Step 1 :Construct the sample space for a probability experiment where a coin is flipped, and then a 10 -sided die is rolled. The sample space is: $H 1, H 2, H 3, H 4, H 5, H 6, H 7, H 8, H 9, H 10, T 1, T 2, T 3, T 4, T 5, T 6, T 7, T 8, T 9, T 10$
Step 2 :The sample space for this experiment consists of 20 outcomes, as there are 2 possible outcomes for the coin flip (Heads or Tails) and 10 possible outcomes for the die roll (1 through 10).
Step 3 :To find the probability of each outcome, we need to count the number of favorable outcomes and divide by the total number of outcomes.

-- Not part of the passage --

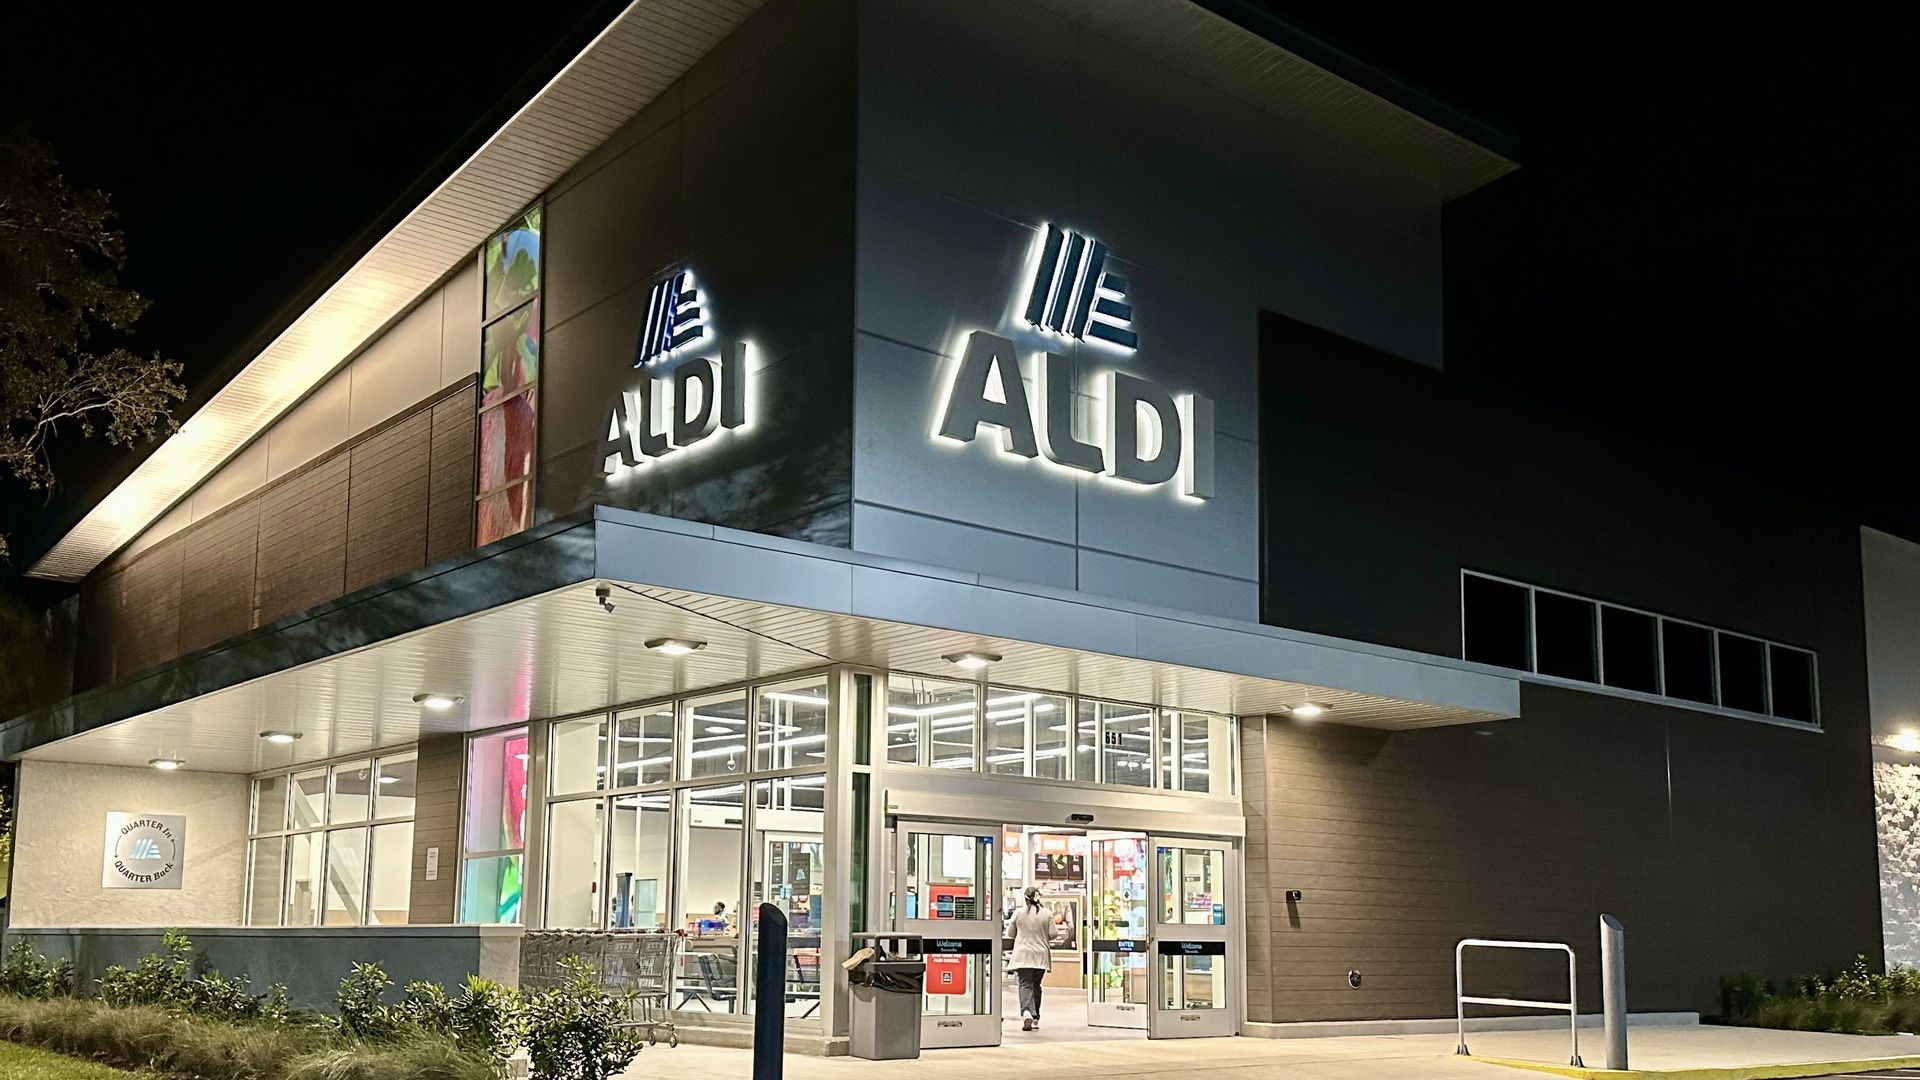 Aldi storefront at night

Step 4 :For a head on the coin and an odd number on the die, the favorable outcomes are H1, H3, H5, H7, and H9. So there are 5 favorable outcomes. The probability is \(\frac{5}{20} = 0.25\)
Step 5 :For a head on the coin and a prime number on the die, the favorable outcomes are H2, H3, H5, and H7. So there are 4 favorable outcomes. The probability is \(\frac{4}{20} = 0.2\)
Step 6 :For a head on the coin and a number less than 3 on the die, the favorable outcomes are H1 and H2. So there are 2 favorable outcomes. The probability is \(\frac{2}{20} = 0.1\)
Step 7 :Final Answer: (a) The probability of getting a head on the coin and an odd number on the die is \(\boxed{0.25}\). (b) The probability of getting a head on the coin and a prime number on the die is \(\boxed{0.2}\). (c) The probability of getting a head on the coin and a number less than 3 on the die is \(\boxed{0.1}\).